Every enterprise network carries a category of traffic that falls outside the scope of standard application libraries — proprietary business systems, internally developed portals, legacy industry-specific tools, custom APIs, and vertical applications built for specific operational requirements. These applications do not appear in predefined catalogs. They do not have pre-built policy templates. And without explicit definition in the security platform, they are effectively invisible to policy enforcement.
The consequences of that invisibility are significant and underappreciated. Bandwidth consumed by an unrecognized ERP system cannot be prioritized, meaning it competes equally with video streaming and social media traffic during peak hours. Data moving through an unrecognized internal HR portal cannot be subject to DLP inspection, meaning sensitive employee records can transit the network without any controls.
Sessions connecting to a custom manufacturing application cannot be inspected by IPS rules, leaving them exposed to exploitation without the protection applied to every other recognized application.

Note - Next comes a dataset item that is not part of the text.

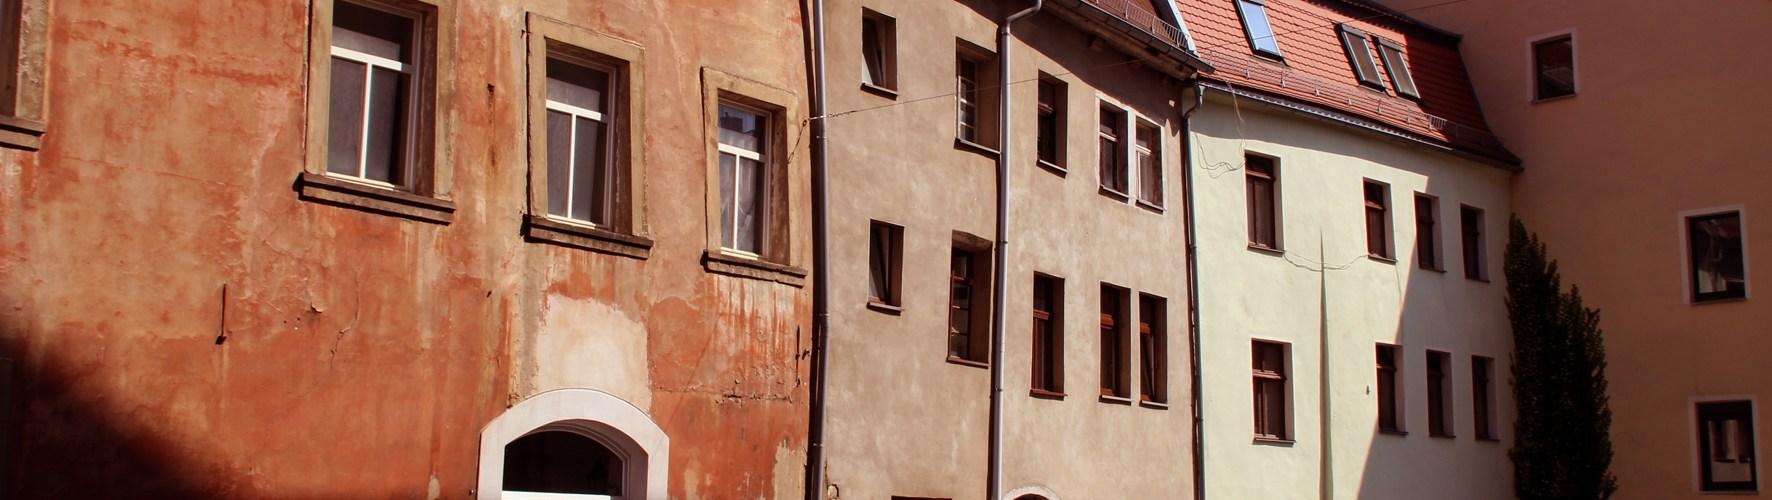 nicht Florenz, sondern Zittau
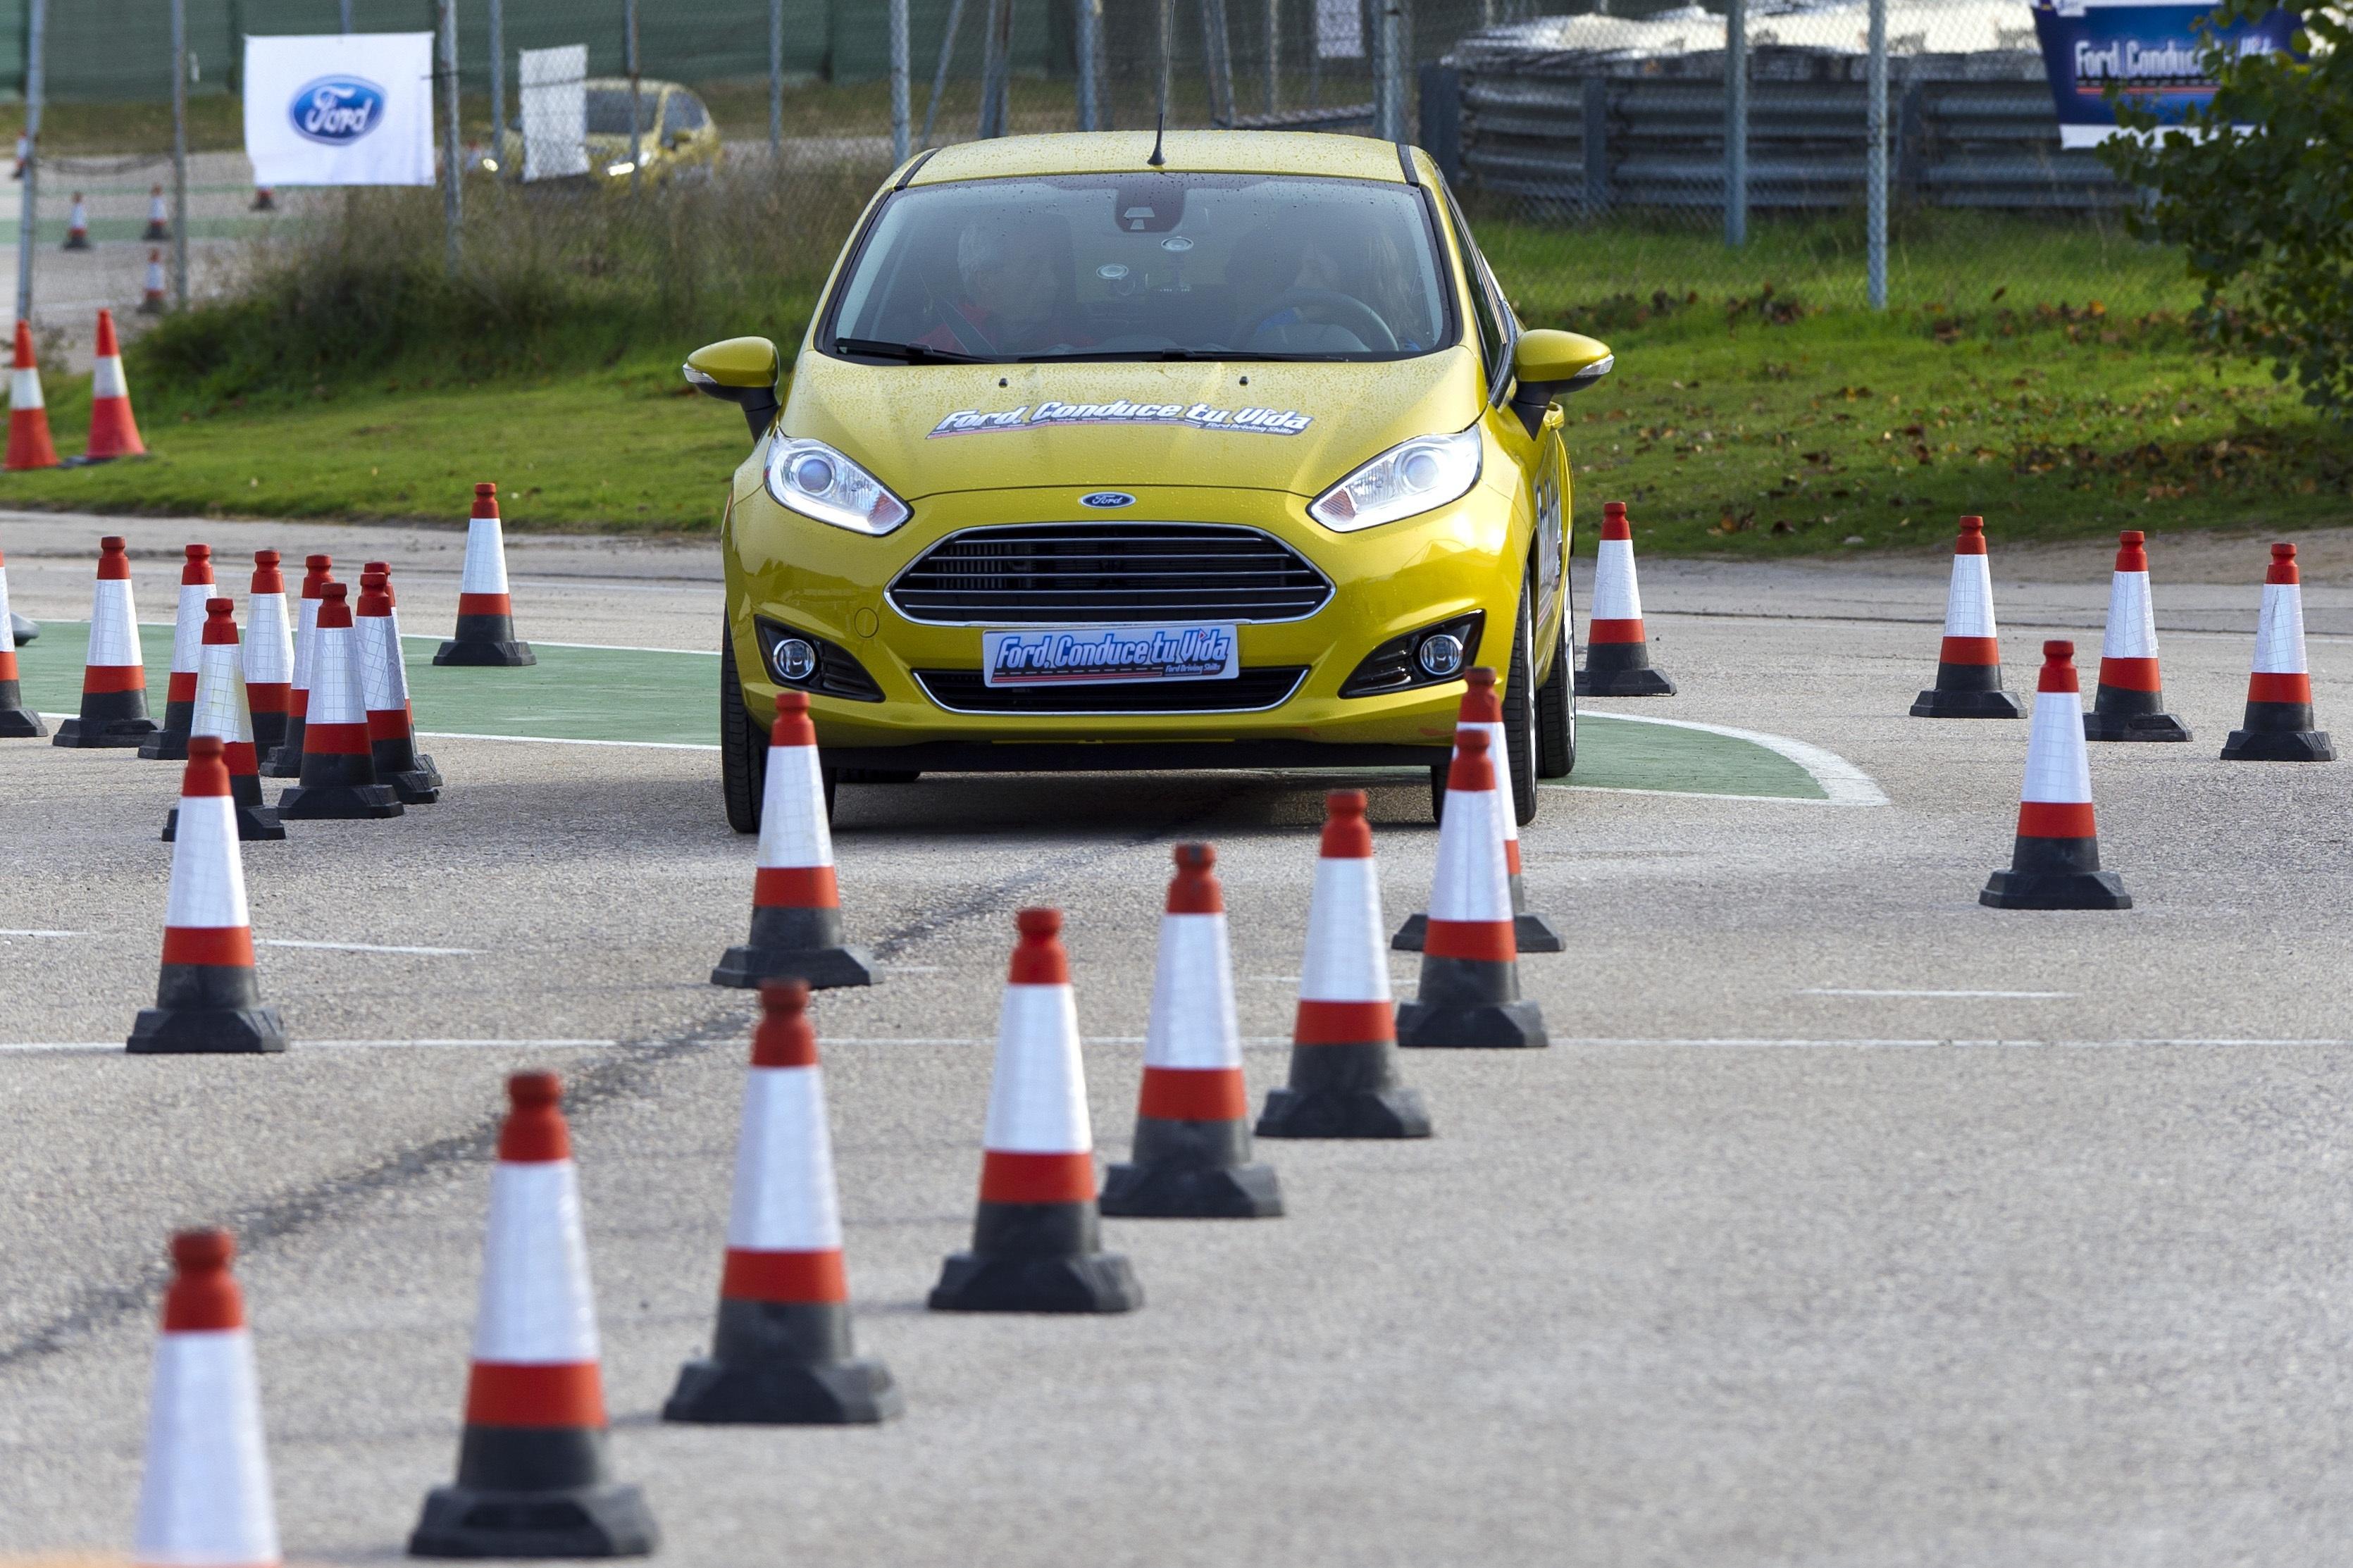 Ford imparte cursos de conducción y seguridad vial a 400 jóvenes españoles

For organizations operating in the GCC region and across Africa — where proprietary enterprise systems, localized business applications, and industry-specific tools are particularly prevalent — this gap between what security platforms recognize by default and what organizations actually run is a practical security and operational challenge that demands a direct solution.
Cato SASE addresses this through custom application control: the ability to define any application not in the default catalog, apply the full Cato security and policy stack to it, and monitor its usage with the same depth available for predefined applications.
Cato's custom application control capability allows IT and security administrators to define applications that are not present in Cato's predefined application library, and then treat those applications as first-class citizens in the policy framework — subject to the same access controls, QoS prioritization, threat prevention inspection, DLP enforcement, and reporting capabilities available for any built-in application.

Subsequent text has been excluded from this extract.